Because you can grow
flowers


From
where
dirt used to be"


--Kate Nash


Thursday, March 24, 2011

HOME

My last day in Kansas.

It's been wonderful.

I'm back to myself.

It happened my second day. I had finally seen my Ma was okay, and we'd talked about all those things we were afraid to say from so far away, and we'd laughed, and cried.....
Then, as I was driving to the grocery store to pick Ma up some popsicles, (a seemingly normal enough task) wearing a cotton sundress with the windows down, and a ridiculous radio song blaring, I came back.... I know what follows will make me seem like I'm mentally unstable, but I was singing along and then I just started laughing, just a little at first, a chuckle to myself, and then louder, until I was laughing uncontrollably. I laughed until my eyes watered. I had to STOP the car! It felt like I hadn't laughed all Winter Quarter, and I'm a girl who LOVES to laugh. My chest had felt like a rubber band being pulled taught at both ends and then someone just...let go. That someone was me. It might be one of the best moments in my whole life.

It felt so good to be back. I felt I'd been "acting" my life. In this scene Tricia will be a good student. In this scene Tricia smiles even though you've hurt her feelings. In this scene Tricia will magically pull understanding and patience out of her ass.

But once I quit following stage directions and started writing my own script again I was bursting with words! So many words! Words that can't even be contained on these electronic pages. All the words I hadn't said. Things I might never say, because it isn't even worth it, and some things I made sure to say, because it's now or never.

I went to visit some old friends.

I met Essay's new girlfriend. She's just okay, but he seems happy. After a night of beer pong and card games we sat on the couch just talking like old times while she was passed out.

I went to the town of my undergrad to see one of my best friends and her boyfriend, who actually used to be my boyfriend, which sounds weird, but just really, really isn't.

We thought we'd pretend like we were on a destination spring break and bought Hawaiian shirts at Goodwill and hung out at every body of water in town while drinking a delicious concoction known as Summer Brew. Basically we lived like lushes for two straight days. We ate fried food, danced, closed down the bars, talked about art, caught up with people, made inappropriate jokes, reminisced on old times, drummed on tabletops raucously, were a thoroughly bad influence on younger theater students, sang at the top of our lungs, made friends with strangers, and watched the sun set over the river. It was brilliant. Truly brilliant.

We ran into one of my Ex's (Tattoo Guy) at the bar. It wasn't awkward really because I could care less. The only thing that got me was I was so clearly happy to be back in Kansas, and actually pretty thrilled with my success as a graduate student, and he could only stare at me in a kind of unworthy awe as if Kansas was a prison he couldn't find the way out of.

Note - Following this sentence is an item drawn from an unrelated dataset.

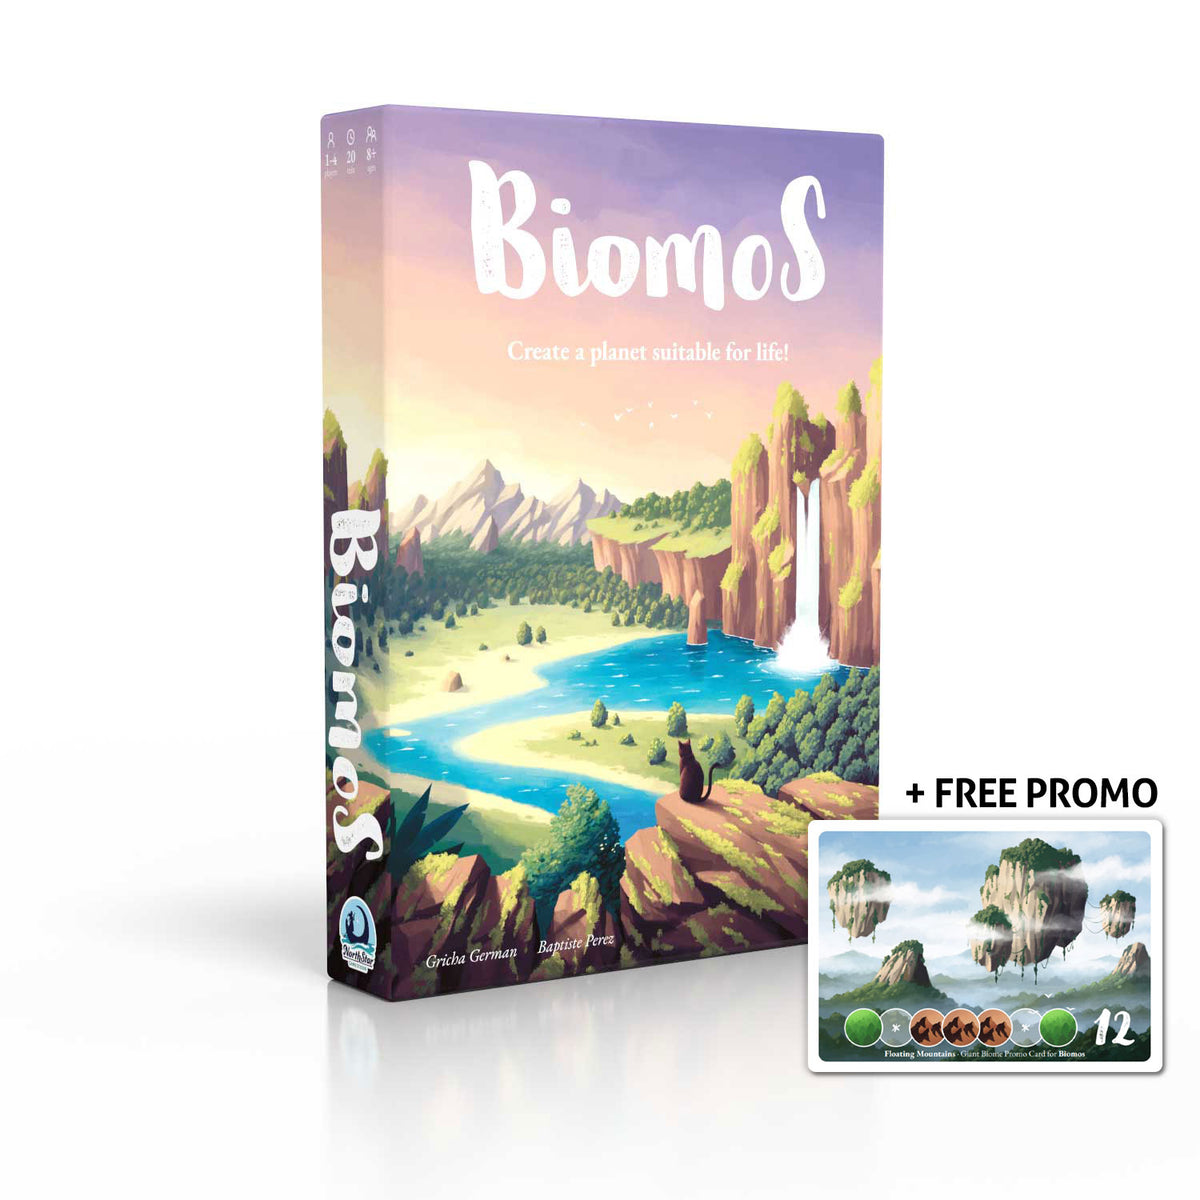 Biomos - includes Free Promo

My friends can tell me like it is, but they are always on my side. . They are an only-child's family. They don't have to be there, but they are because they want to be. Because of ME. You can be a boyfriend or a fling easy, but being my friend is a real honor. These people are the loves of my life.

Sure, boys have been talking to me and flirting with me (it seems as soon as my confidence was back, it was like a ripple effect), but surrounded by these absolutely fantastic friends and family, all other love seems irrelevant.